A pair of the 51 landscape drawings and tree studies of the Lake District, mostly dating from the 1820s, found in a sketchbook kept by Thomas Hornor (1785-1844), a land surveyor, artist and inventor – £4000 at Forum.

Maps and atlases

Among maps and atlases, one stand-out lot was a 1777 copy of John Chapman and Peter André’s Map of the County of Essex from an Actual Survey. The 26 double-page engraved maps sheets, all fully coloured by hand, are extraordinarily detailed and include the names of country houses and cottages, many of them even identifying the owners’ names.

img_22-3.jpg

Bearing a presentation inscription from the author, Erich Maria Remarque, and with its jacket beautifully preserved beneath what may or may not be an original publisher’s tissue jacket guard (not shown), this 1929 first English edition of All Quiet on the Western Front demolished all previous auction records at £18,000 at Forum.

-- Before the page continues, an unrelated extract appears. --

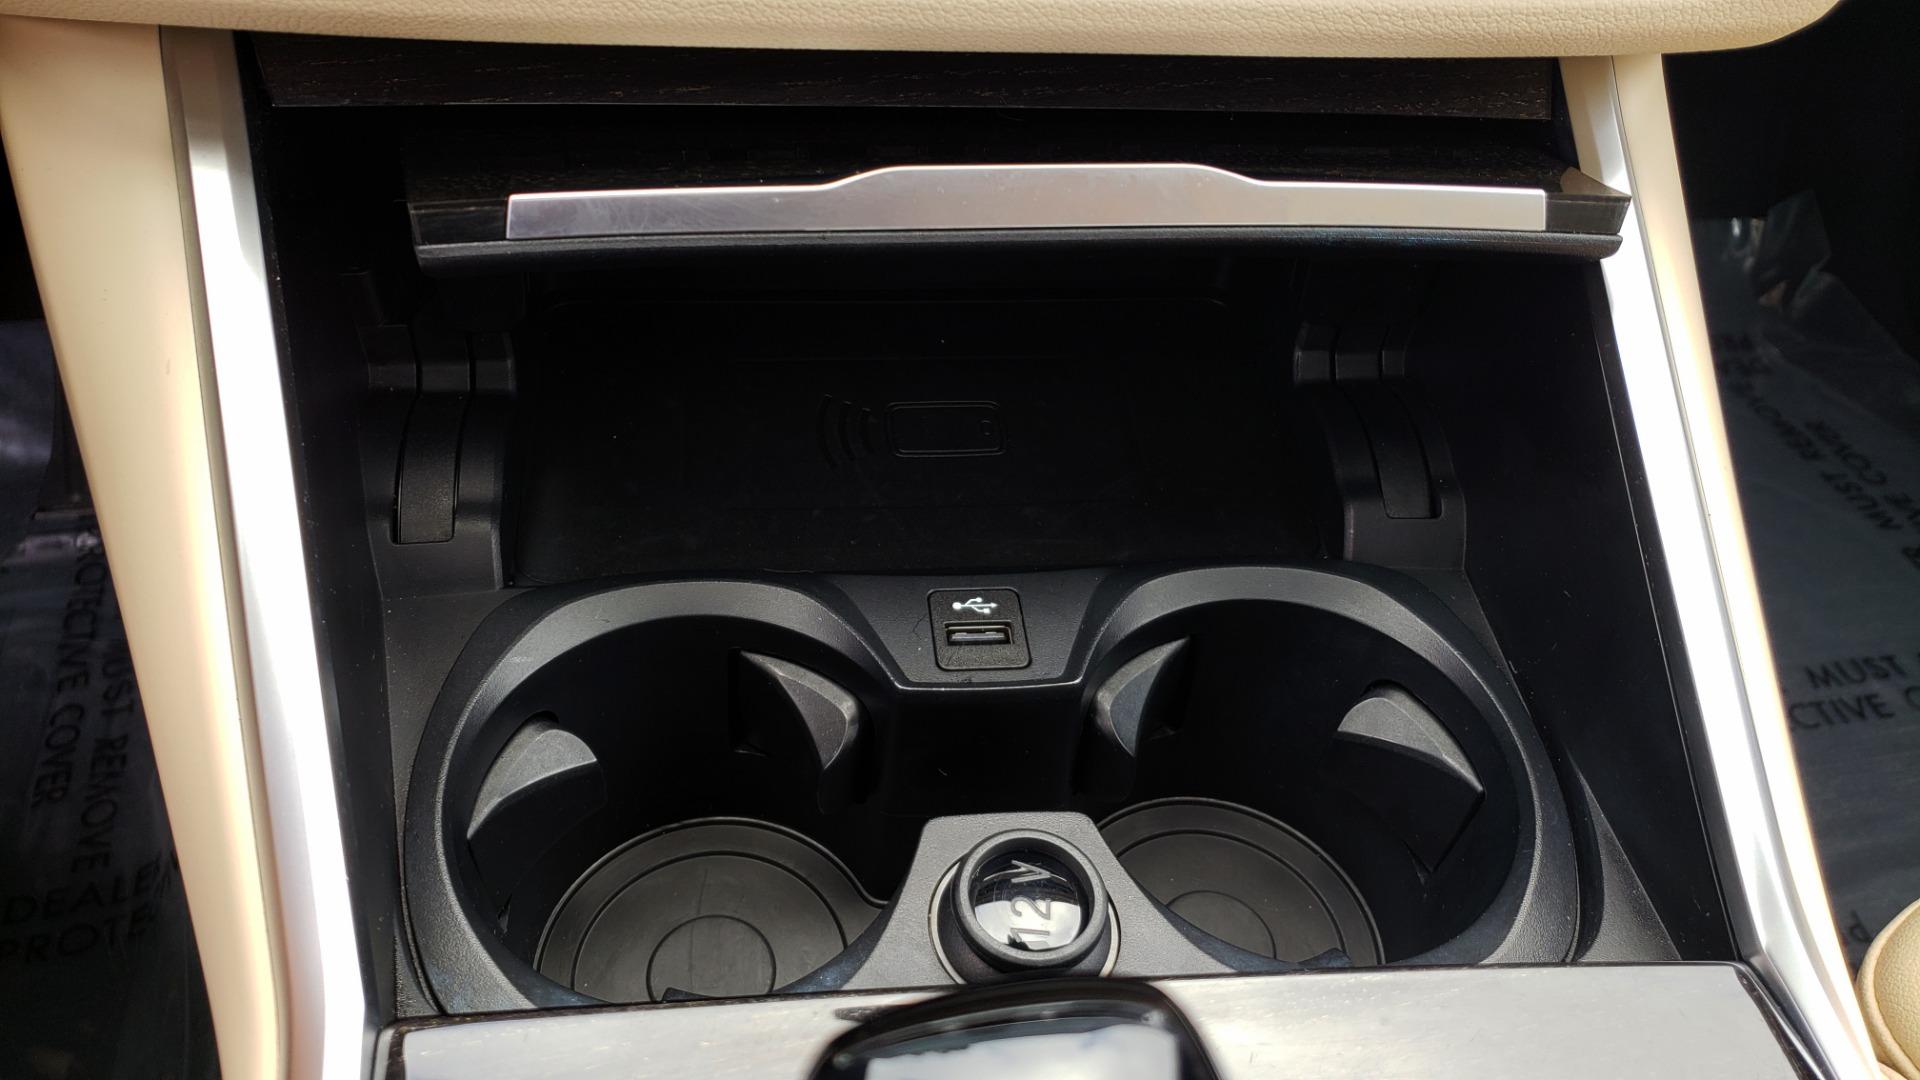 Used 2019 BMW 3 SERIES 330I PREM PKG / NAV / CONV PKG / H&K SND / LIVE COCKPIT PRO for sale Sold at Formula Imports in Charlotte NC 28227 51

Along with the Remarque record-breaker featured among the illustrations, literary successes included a rare example of Hutchinson’s ‘Colonial’ issue of the 1897, first edition of Bram Stoker’s Dracula. Identical in all first-issue points but in a modern red-lettered, yellow cloth binding in imitation of the original, it sold at £6000.

A little browned to the spine, but uncut in the original cloth, an inscribed presentation 1904 first of MR James’ Ghost Stories of an Antiquary sold online for a record £7000. It was a copy he gave to his close friend and fellow writer of ghost stories, the Master of Magdalene College, Cambridge, essayist and poet, Arthur Benson.